### [DATASET EXTRACT]
Segment Open

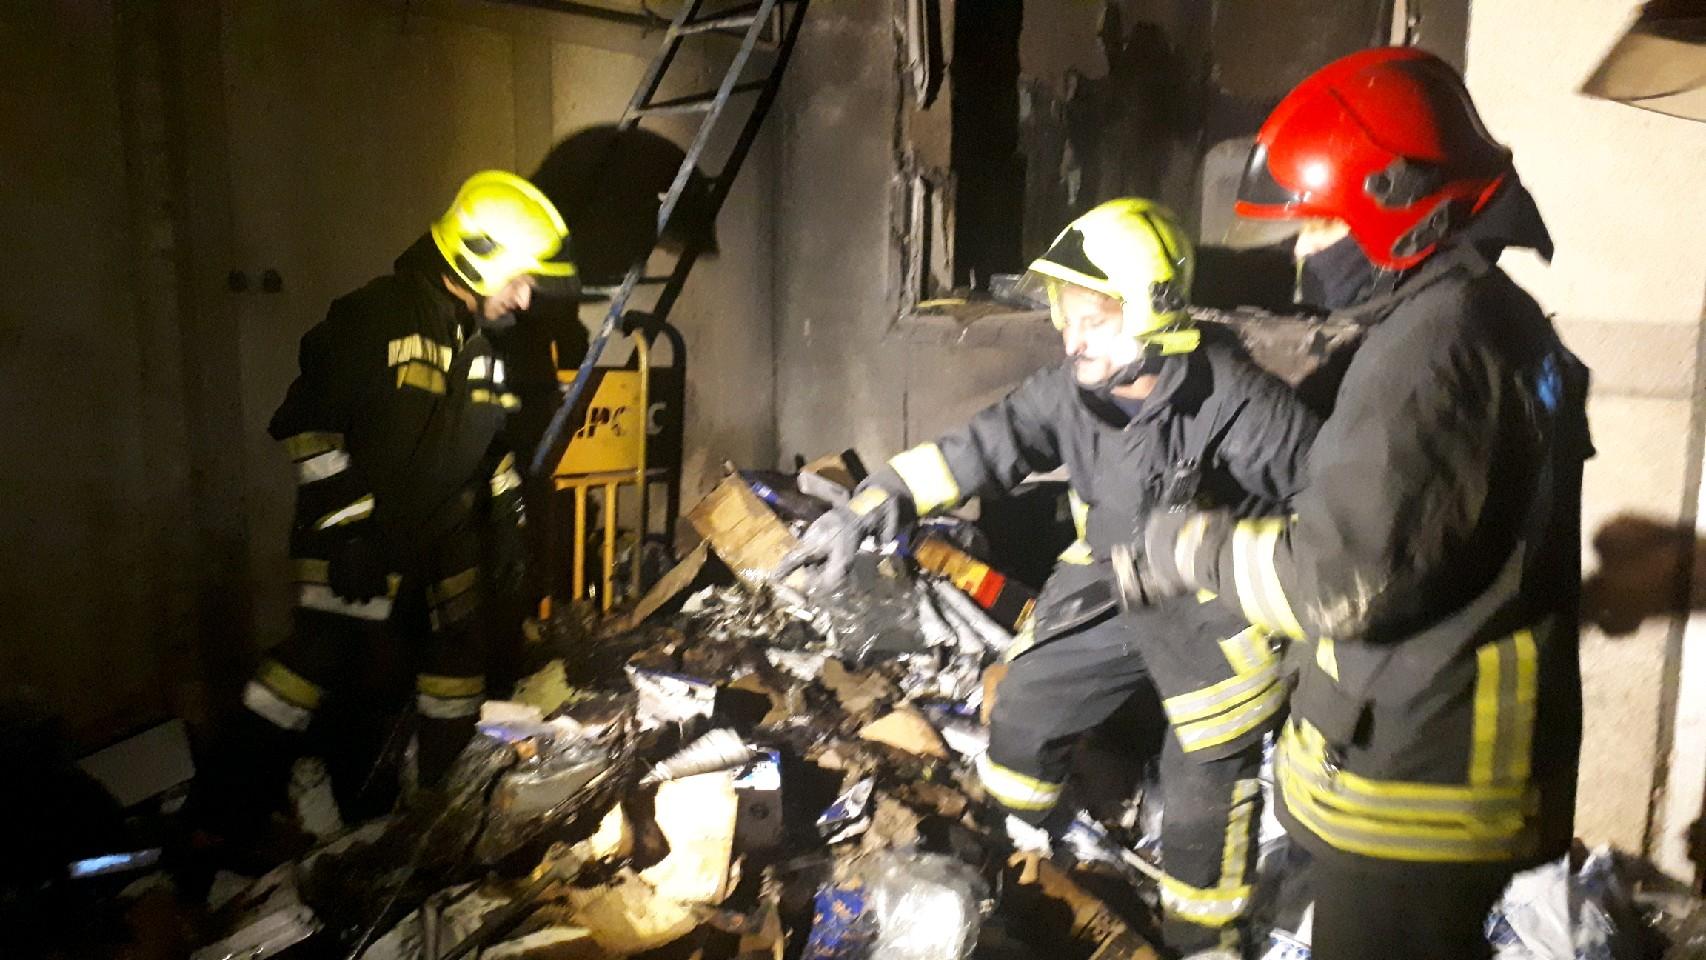 آتش سوزی در یک انبار لوازم یدکی و مغازه لباس فروشی مهار شد
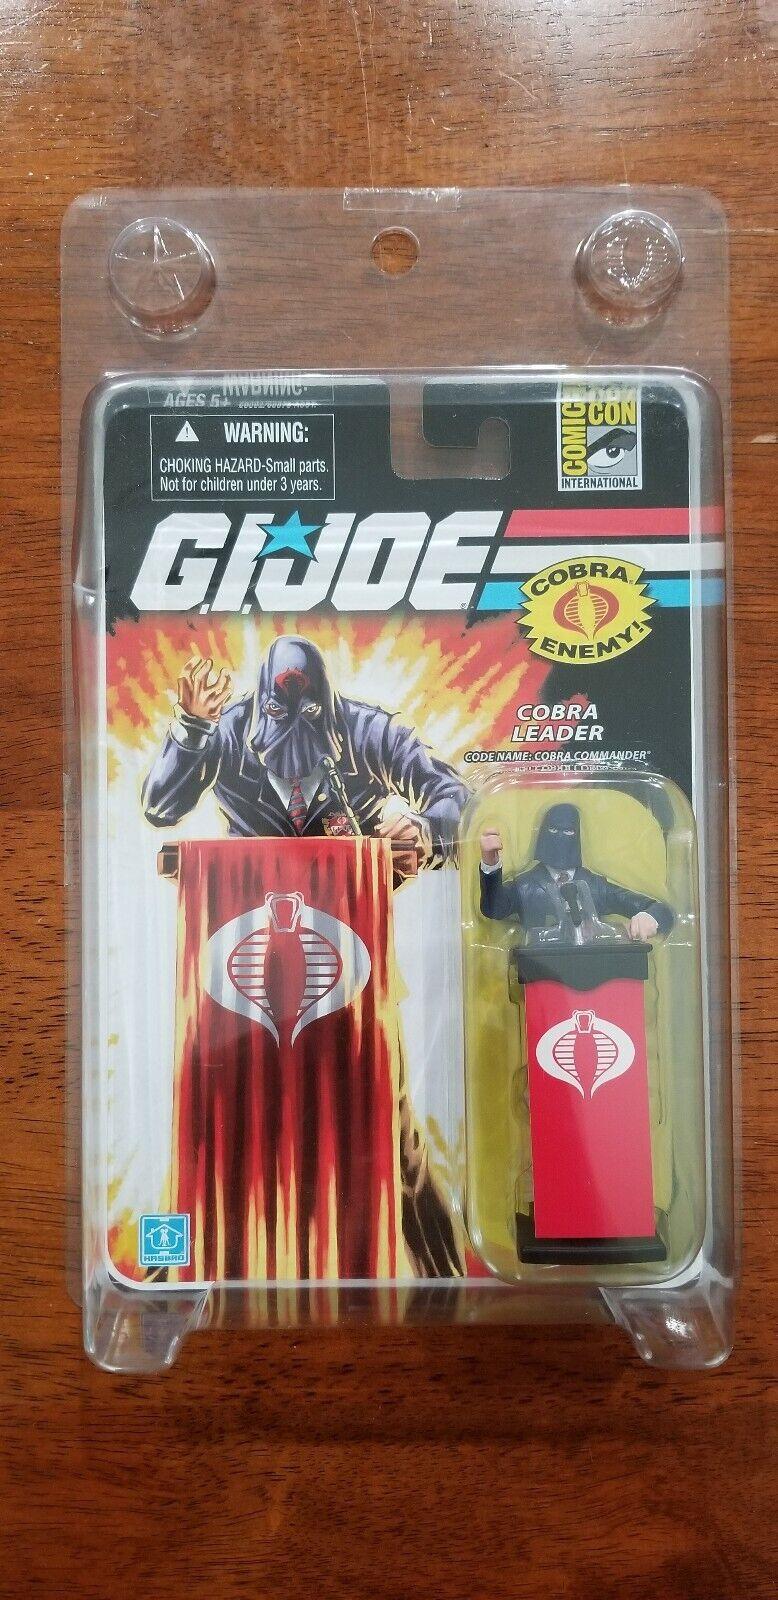 Sdcc 2008 Hasbro Exclusivo Gi Joe Cobra Commander acto Fig Variante azul Traje
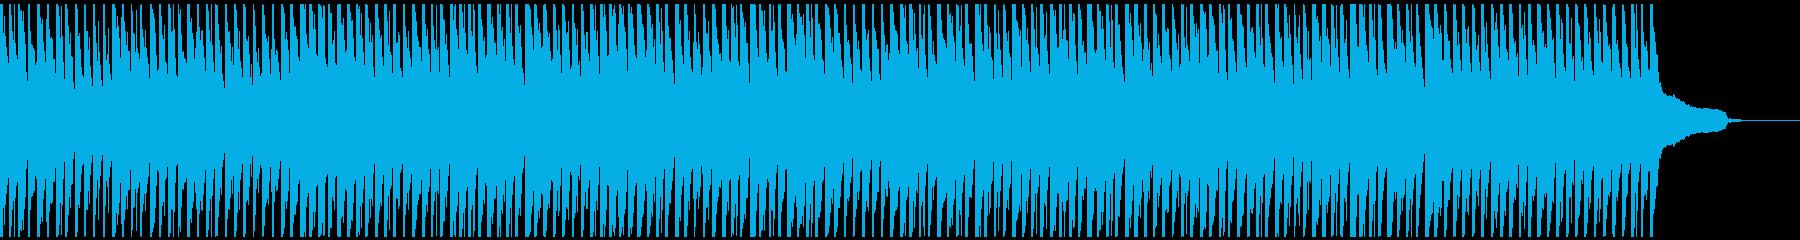 徐々に元気が出てくる曲の再生済みの波形

Segment Closed

### [EXERCISE DESCRIPTION]
Go through the lines above and write each one out verbatim, skipping the pictures.

### [REPLY]
 آتش سوزی در یک انبار لوازم یدکی و مغازه لباس فروشی مهار شد
 Sdcc 2008 Hasbro Exclusivo Gi Joe Cobra Commander acto Fig Variante azul Traje
 徐々に元気が出てくる曲の再生済みの波形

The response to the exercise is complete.